Monitoring the status of your service
By the time you reach public beta, you must have monitoring in place for your service to identify any problems that might affect it.
Monitoring with the right tools and processes allows you to:
- discover any problems that users have
- get alerts when technical problems occur so you can fix them
- anticipate problems before they happen or become more serious
- improve your service, for example by using performance data to help with capacity planning
Meeting the Digital Service Standard
You must monitor the status of your service to meet these points:
You’ll have to explain how you’ve done this in your service assessments.
Plan your monitoring
You should start planning how to monitor your service during alpha.

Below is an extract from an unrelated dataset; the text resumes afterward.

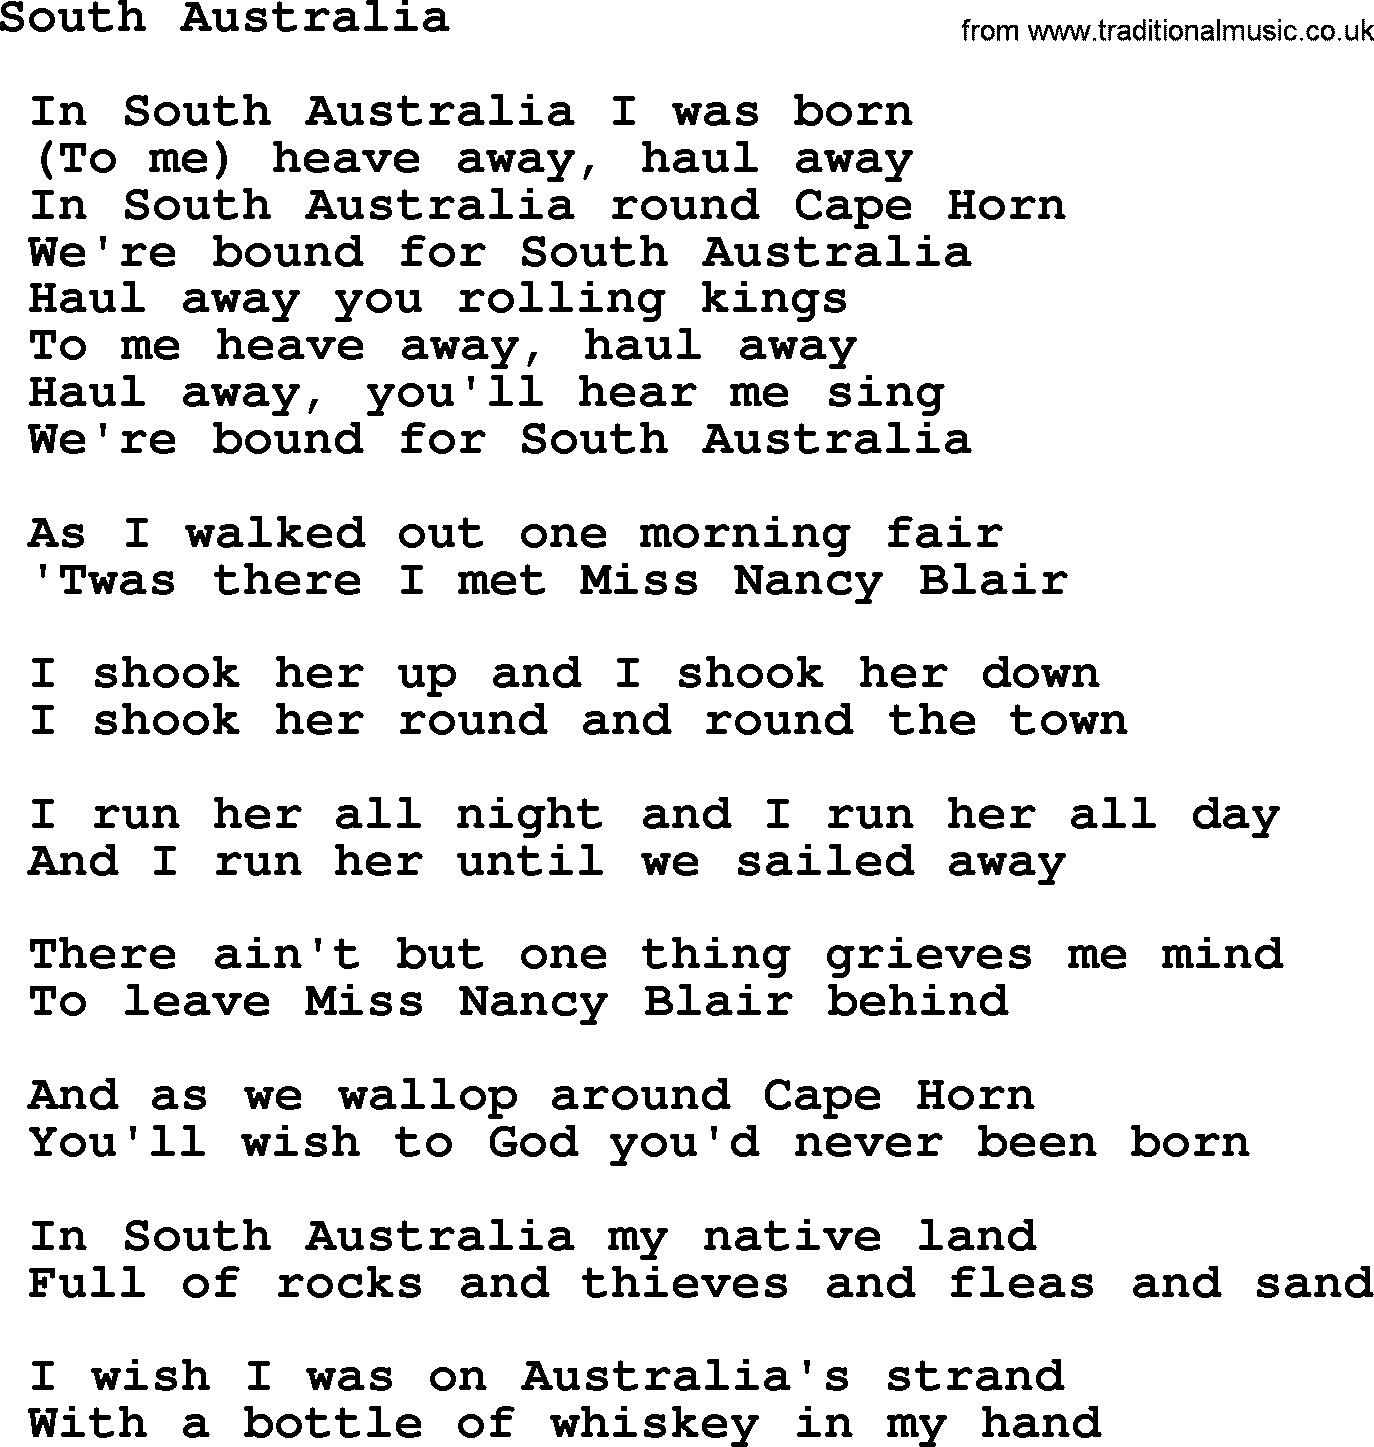 Sea Song or Shantie: South Australia, lyrics

During alpha, your team should agree:
- what to monitor in your service
- how to monitor your service
- how to process and record issues
Metrics to monitor
You must track user-related metrics, as well as technical metrics. For example, track the percentage of users that can complete a task as well as available disk space, application programming interface (API) performance and memory usage.
How to monitor
Once you’ve agreed what to monitor, your team should:
- set up internal and external monitoring checks
- write monitoring checks
- write alerts
Setting up internal and external monitoring checks
You should set up internal and external monitoring checks.

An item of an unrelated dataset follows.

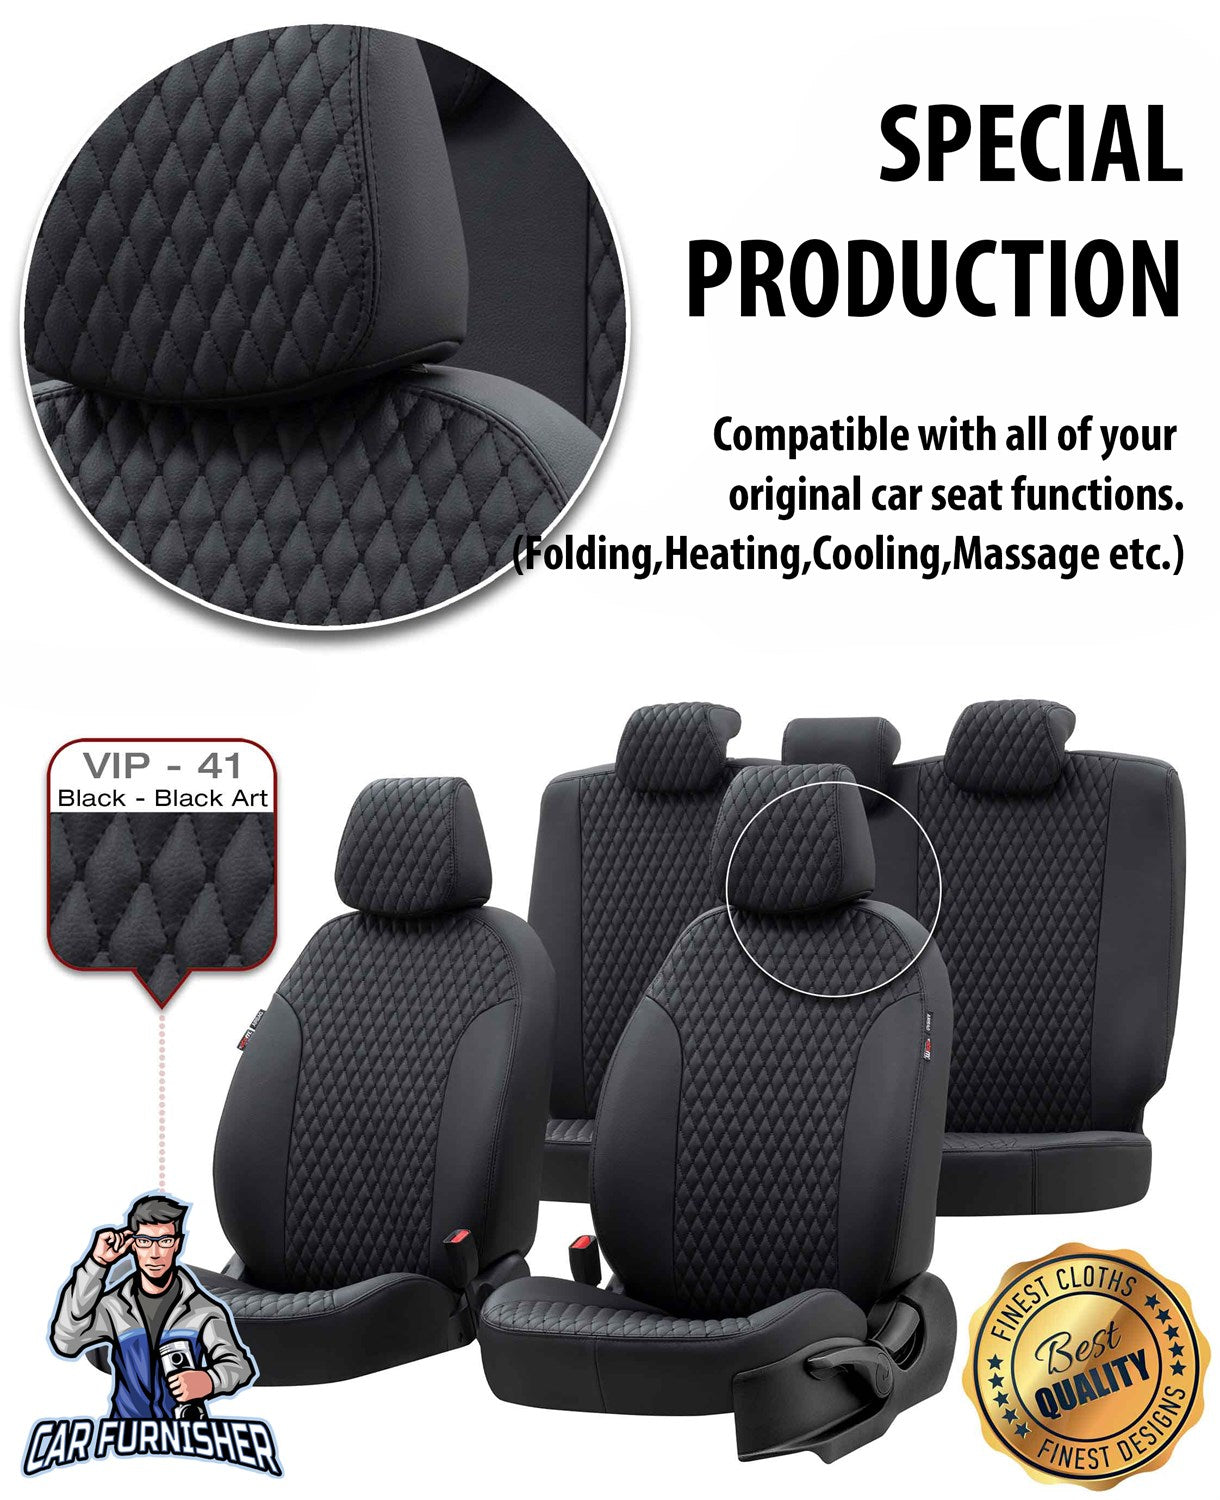 Seat Cordoba Seat Covers Amsterdam Leather Design Smoked Black Leather

Internal monitoring is the monitoring you should set up inside your infrastructure and will give you realtime updates about metrics like memory usage, page load times, and network traffic.
External monitoring is the monitoring you should set up outside of your service which keeps checking your systems even if your infrastructure goes down.
Writing monitoring checks
You need to decide the type of monitoring checks that are most useful to your service.
A monitoring check is a series of tests that you can run against your systems or overall service to assess their status and tell you if something is wrong.
For example, you might decide you need to see an alert if 1% of users in an hour have problems finishing a transaction.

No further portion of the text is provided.